12 Lessons Learned From Doing The One Billion Row Challenge

February 22, 2024
17284 Unique Views
5 min read

Table of Contents

It works on my machine

CPU
Hard disk

Hack coding

Unsafe
Long
Hash collisions
Preview API's

The JVM

The JVM parameters
The JVM Used

The DataMy implementationConclusion

The One Billion Row Challenge or 1BRC or 1️⃣🐝🏎 was a challenge to read a CSV file of one billion rows with "station name;temperature" data and compute the min/average/max temperature per weather station as fast as possible.

If you want to know what is the fastest algorithm, you can go the the 1BRC page.
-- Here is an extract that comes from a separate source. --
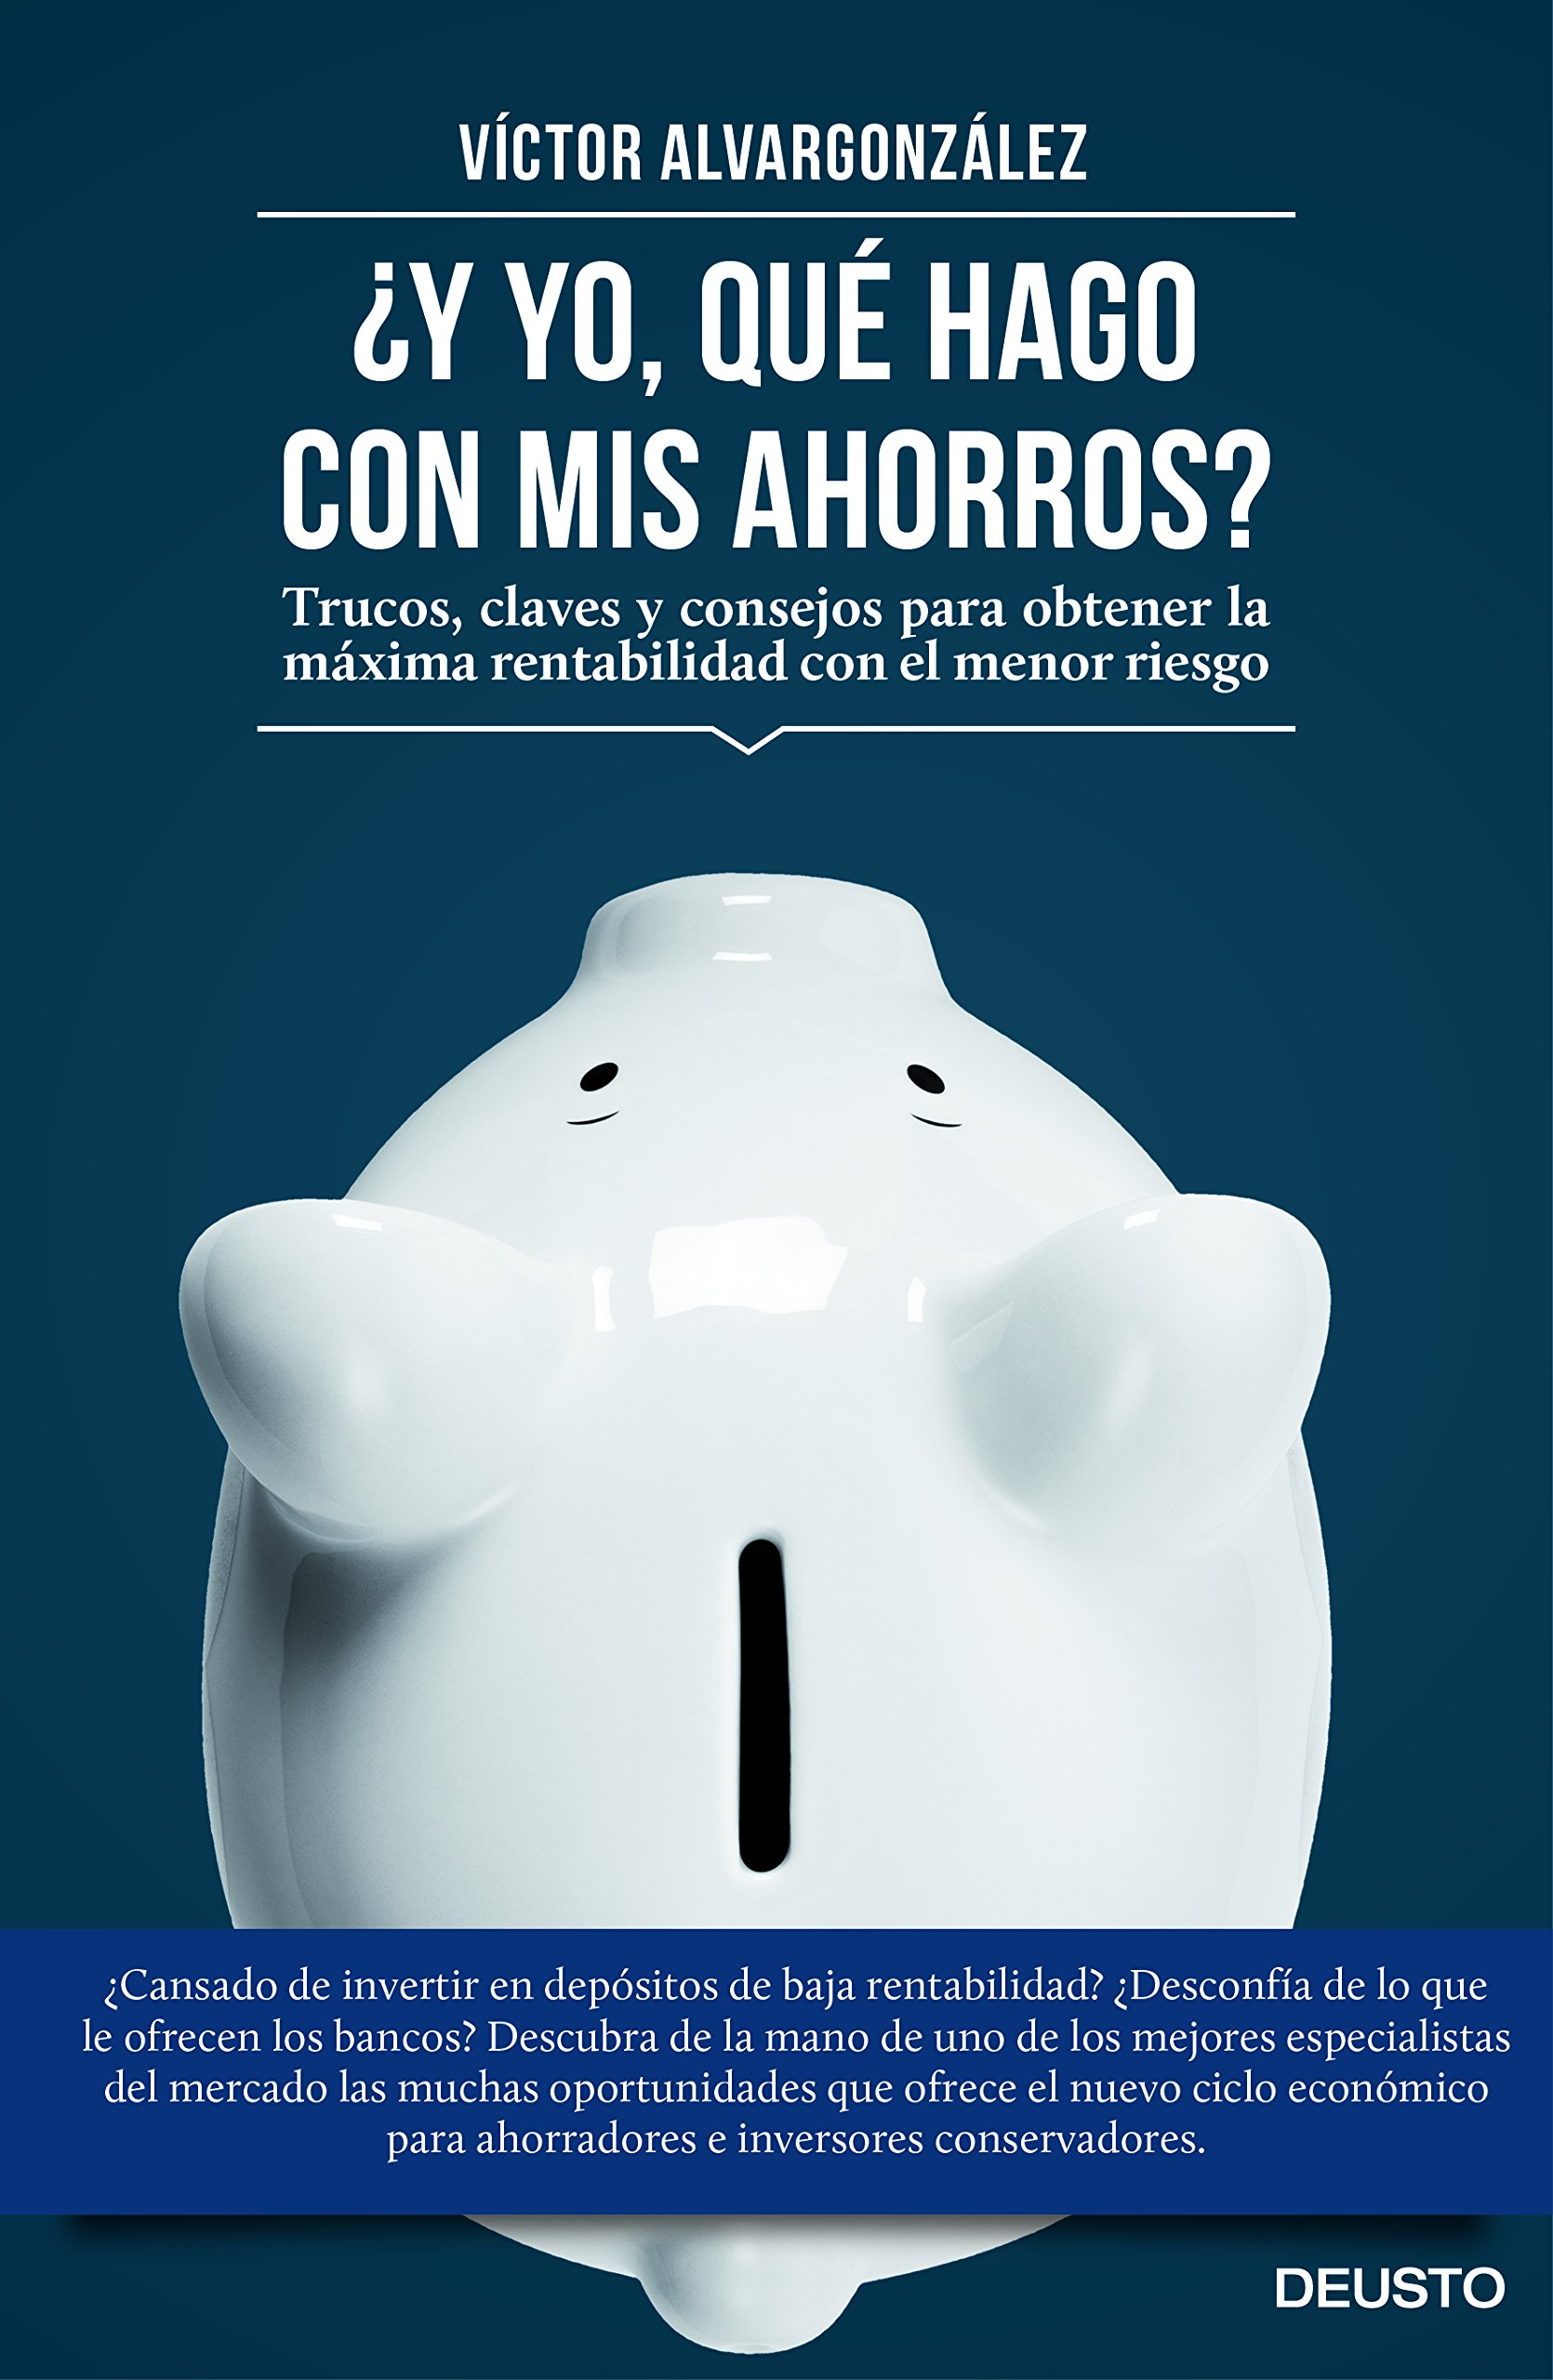 ¿Y yo, qué hago con mis ahorros? : trucos, claves y consejos para obtener la máxima rentabilidad con el menor riesgo (Spanish) Paperback – November 1, 2014

But the real answer is "it depends".

It depends:

The machine you're running it on
How far are you ready to use hacks in your code
The JVM
The data in the file

It works on my machine

or to be more precise, it's faster on my machine.

CPU

My first submission was 23 seconds on my 2016 desktop (Intel) so I was quite surprised to hear it was 41 seconds on the "super fast" CPU of the 1BRC server.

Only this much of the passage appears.